3-88

3-88

Sénat de Belgique

Annales

JEUDI 16 DÉCEMBRE 2004 - SÉANCE DE L'APRÈS-MIDI

(Suite)

Question orale de Mme Anke Van dermeersch à la vice-première ministre et ministre de la Justice sur «le renforcement des conditions prévues par la loi d'acquisition accélérée de la nationalité belge» (nº 3-507)

M. le président. - M. Rudy Demotte, ministre des Affaires sociales et de la Santé publique, répondra au nom de Mme Laurette Onkelinx, vice-première ministre et ministre de la Justice.

Mevrouw Anke Van dermeersch (VL. BELANG). - In plaats van de voortdurende versoepeling van de Belgische nationaliteitswetgeving een halt toe te roepen, heeft de paarsgroene regering met de zogenaamde snel-Belgwet van 1 maart 2000 de soepelste nationaliteitswetgeving van alle EU-lidstaten ingevoerd. Daarbij is van een inburgeringsvereiste helemaal geen sprake, zelfs niet van het spreken van een landstaal.

Door de snel-Belgwet kan een vreemdeling reeds na een verblijf van drie jaar in aanmerking komen voor naturalisatie, vluchtelingen na twee jaar. Na een verblijf van zeven jaar kan een vreemdeling een subjectief recht op het verkrijgen van de nationaliteit doen gelden via de procedure van de nationaliteitsverklaring.

De nieuwe nationaliteitswetgeving resulteerde in een massale toename van het aantal nationaliteitsaanvragen, of er nu sprake was van integratie of niet, inburgering of niet.

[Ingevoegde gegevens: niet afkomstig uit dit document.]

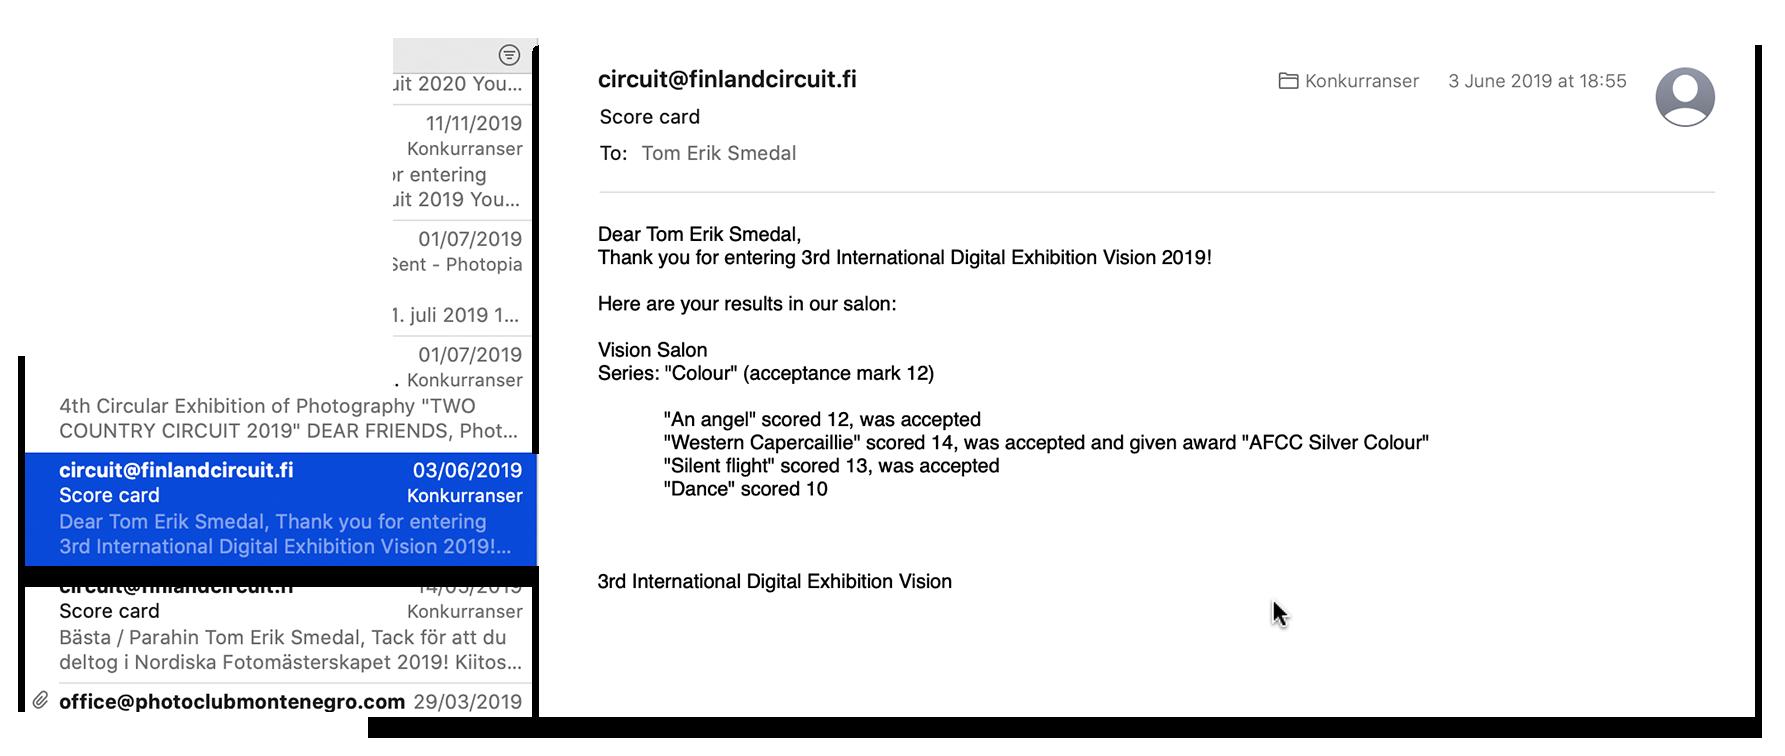 Tom Erik Smedal: Score card

Daarnaast werden in de wet ook een aantal pijnpunten vastgesteld, onder meer disfuncties bij de bestuurlijke en gerechtelijke instanties die betrokken zijn bij de nationaliteitsverwerving, een gebrek aan kennis van akten en verblijfsvergunningen en een ontoereikend beoordelingsvermogen van de verblijfssituatie. Bovendien laat het advies van de Dienst Vreemdelingenzaken en de parketten vaak te lang op zich wachten. De kans dat kandidaat-Belgen worden genaturaliseerd, terwijl ze een gevaar kunnen betekenen voor de openbare orde, is dan ook niet gering.

Na een tweetal universitaire onderzoeken en een evaluatiegesprek in maart 2002 werden een aantal, zij het onvoldoende, maatregelen aangekondigd om een efficiëntere toepassing van de snel-Belgwet mogelijk te maken. Maar met de aanbevelingen is tot nog toe niets gebeurd.

Momenteel zijn aan Vlaamse kant alle partijen het erover eens dat de snel-Belgwet snel moet worden aangescherpt en geëvalueerd. In de nasleep van de moord op Theo van Gogh in Nederland gaf eveneens minister Dewael te kennen de wet te willen herzien.

Overweegt de minister een evaluatie van de snel-Belgwet?

Wat is het standpunt van de minister ten aanzien van een strengere snel-Belgwet, gelet op de nieuwe en eensgezinde vraag van alle Vlaamse partijen?

Neemt de regering, in het bijzonder de minister, zelf een initiatief om de snel-Belgwet te aan te scherpen? Zo ja, in welke zin? Wanneer mogen we dat verwachten?

De heer Rudy Demotte, minister van Sociale Zaken en Volksgezondheid. - Ik lees het antwoord van minister Onkelinx: "Ik heb me reeds ruimschoots geuit over de problemen die aan de orde komen door de toepassing van het Wetboek van de Belgische nationaliteit, en dit in het kader van de vraag om uitleg nummer 3-144, waarop ik op 19 februari 2004 heb geantwoord."

Mevrouw Anke Van dermeersch (VL. BELANG). - Ik vind het antwoord van de minister van Justitie nogal grof. Sedert februari 2004 kunnen immers nieuwe elementen worden aangevoerd.

Zo is de moord op Theo van Gogh een duidelijk bewijs van een verandering in de samenleving, een verharding in het optreden van sommigen.

Bovendien hebben verschillende partijen, waaronder de CD&V en de VLD hun standpunt gewijzigd. Ook zij zien in dat het Wetboek van de Belgische nationaliteit moet worden gewijzigd.

Zelfs in de programmawet vind ik een artikel terug waaruit blijkt dat in de rechtspraak aan de snel-Belgwet een te ruime interpretatie wordt gegeven en wordt een wijziging aan de wet voorgesteld. Dat is echter totaal misplaatst; de programmawet heeft alleen de uitvoering van de begroting van volgend jaar tot doel. Dat dit toch in de programmawet is opgenomen is dan wel een bewijs dat er dringend iets moet worden gedaan. Misschien kan de minister beginnen met het beantwoorden van de vragen van de senatoren.